"We are far from the country we claim to be, and are hardly united despite our name."

The author of this quote-filled, chart-filled, footnote-filled tome is a nonagenarian doctor. Being a senior of a certain age, he has seen and experienced an America pulling together as well as one being pulled apart. Within the pages of this book, author Geyman compiles his own thoughts, plus those of others, around the construct of community. What exactly is it? What are the forces that can disrupt a community and, by extension, threaten democracy? Also, what are some appropriate approaches to rebuild unity and a real sense of community in the USA?

Geyman begins his treatise appropriately with a look back at history. He touches base and comments on the country’s founding, the rise of agriculture and rural expansion, America’s Gilded Age, the Great Depression and FDR’s New Deal, prosperity and the rise of the middle class following the end of World War II, and Lyndon Johnson’s oversight of the reforms of the 1960s that came to be known as the Great Society. Geyman proposes that two major factors were responsible for serious cracks in the cement of the American community: the rise of corporate America and how it wound up becoming much more than it was ever meant to be and the neoliberalism movement that fostered “an economic ideology favoring free markets with little or no government regulation.”

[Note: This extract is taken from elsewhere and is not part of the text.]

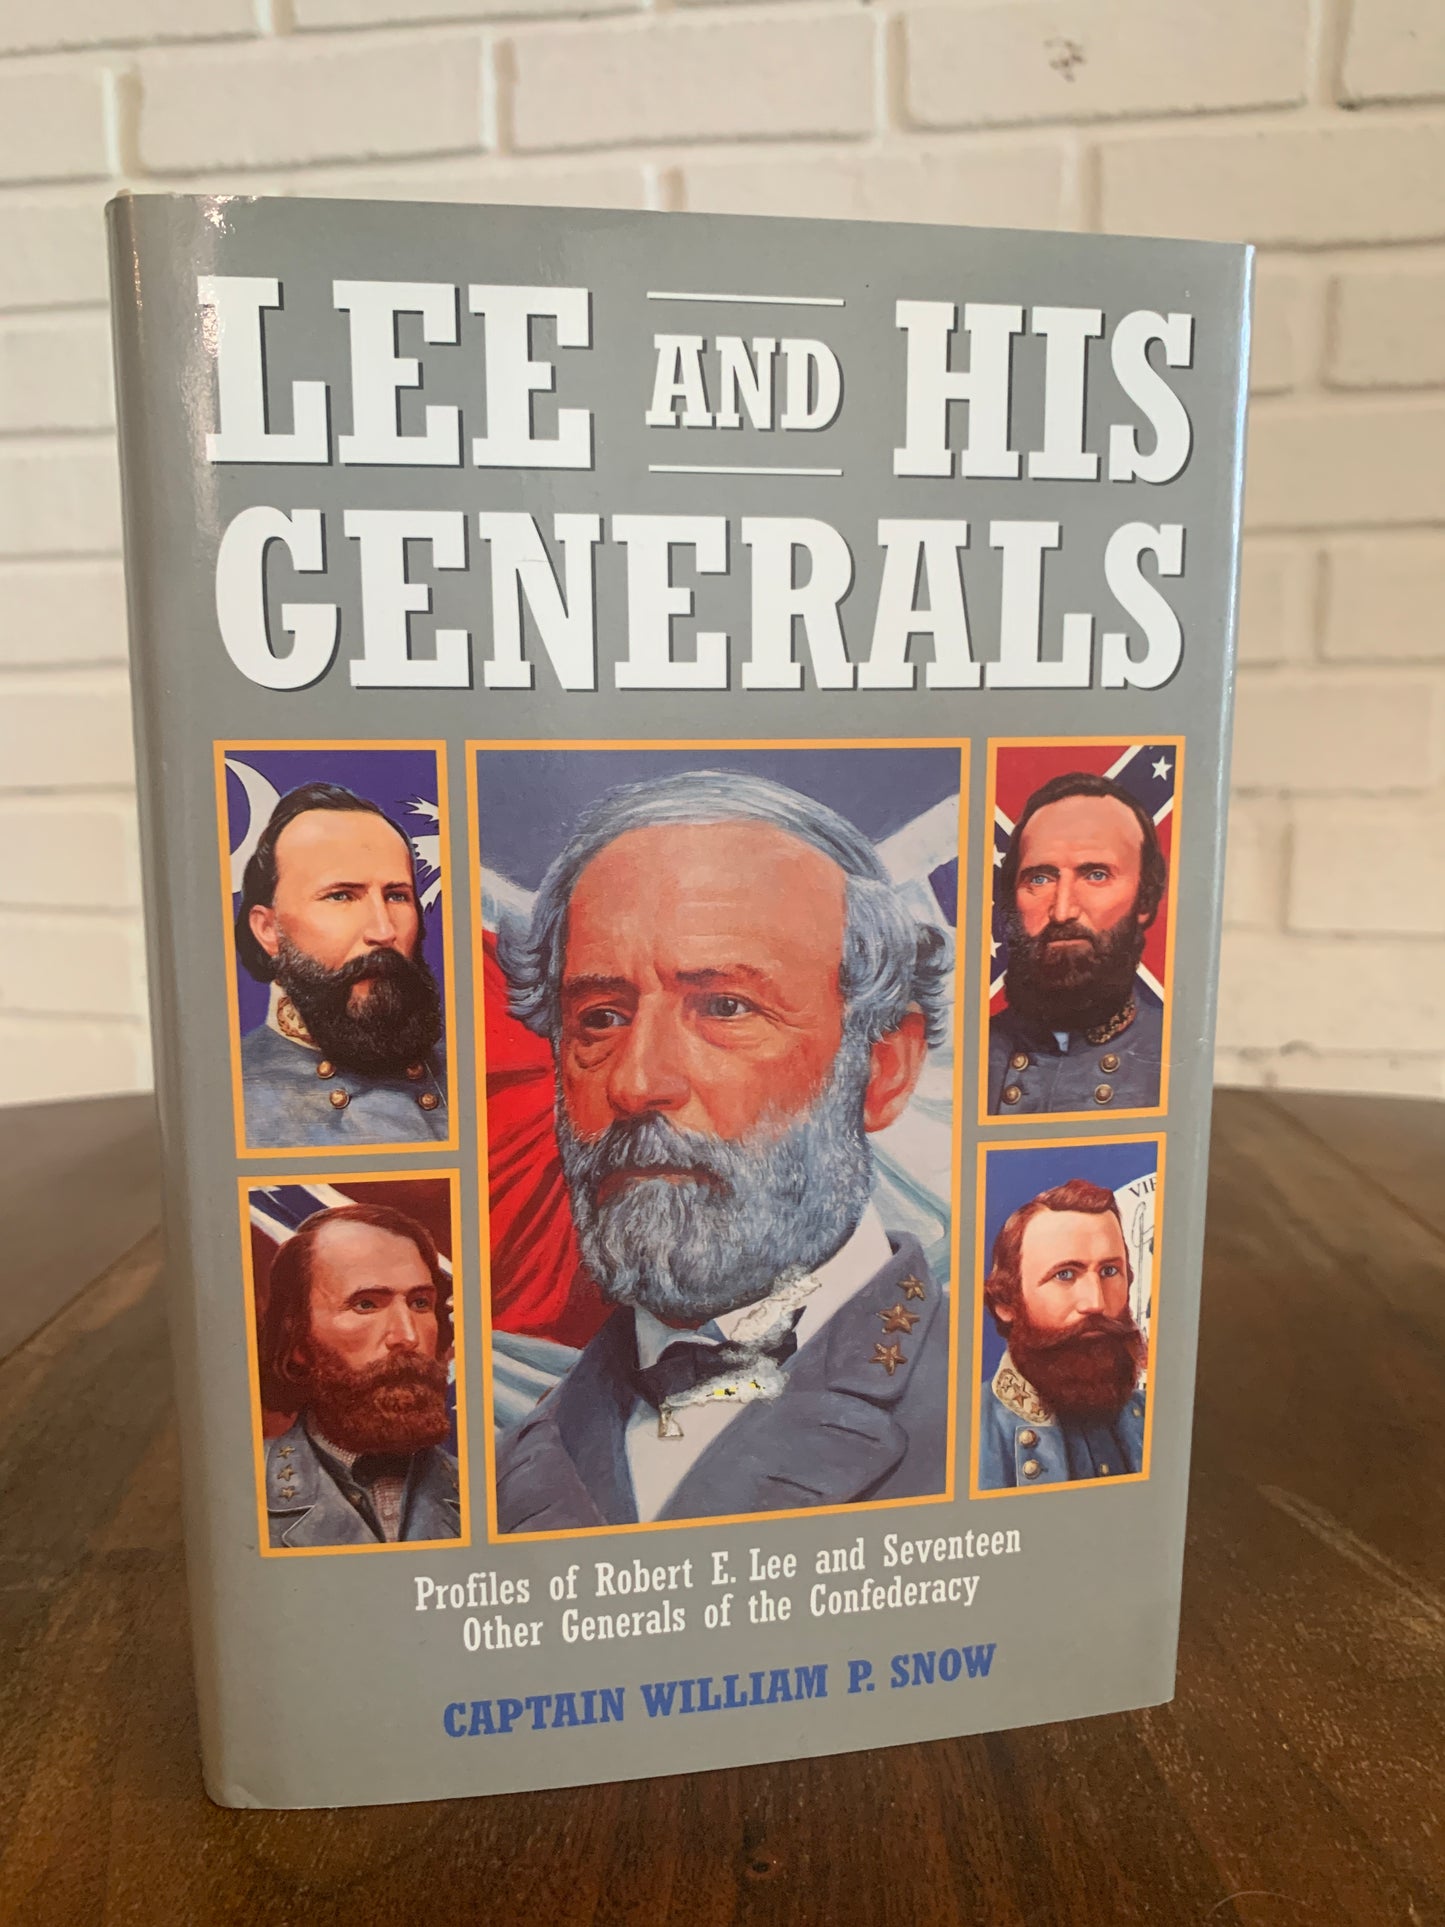 Lee and His Generals by Captain William P. Snow 1996 Hardcover

From there, he turns a critical eye on troublemakers—those elements disordering community and menacing democracy itself. He systematically explores many things that play a role, such as changing demographics, the decline of the middle class, disparities and inequalities in race and income, corporate profiteering, consequences of the Citizens United Act, the impact of the COVID-19 pandemic, and more. He bemoans the rise of disinformation and how it adversely affects trust in government. Political polarization, mostly caused by extremism, is covered. And in extensive detail, he examines social media’s and, particularly, Facebook’s negative influences. The author writes: “Mark Zuckerberg, its originator and owner, bears responsibility for many of its flaws that divide people instead of bringing them together as he further enriches himself without regard for its adverse impacts.”

Like most good doctors, Geyman helpfully provides a prescription for curing the ills of a divided USA. He advocates a revitalization of traditional American values such as liberty, equality, diversity, justice and the rule of law, majority rule and representative government, truth, the common good, and the separation of powers brought about by the checks and balances of the Constitution. If that sounds like a prescription only of platitudes, be advised that he also bravely takes on some of the country’s hottest value issues—health care as a right, reproductive rights for women, a larger role of government in people’s lives, gerrymandering, the Senate filibuster, limits on corporate consolidation, updated antitrust laws, increased scrutiny of corporations, and, of course, taxes.

In addition to including the thoughts and opinions of others, as well as graphs and more to support his assertions, Geyman delivers his views in straightforward, non-Beltway-speak. He uses logical construction and relevant examples of what he believes and why he believes it in plain English that is easy to understand. Whether or not it’s easy to agree with will be up to the reader. Overall, Geyman has produced a comprehensive and thought-proking work that makes his opinion clear about a variety of subjects affecting American society.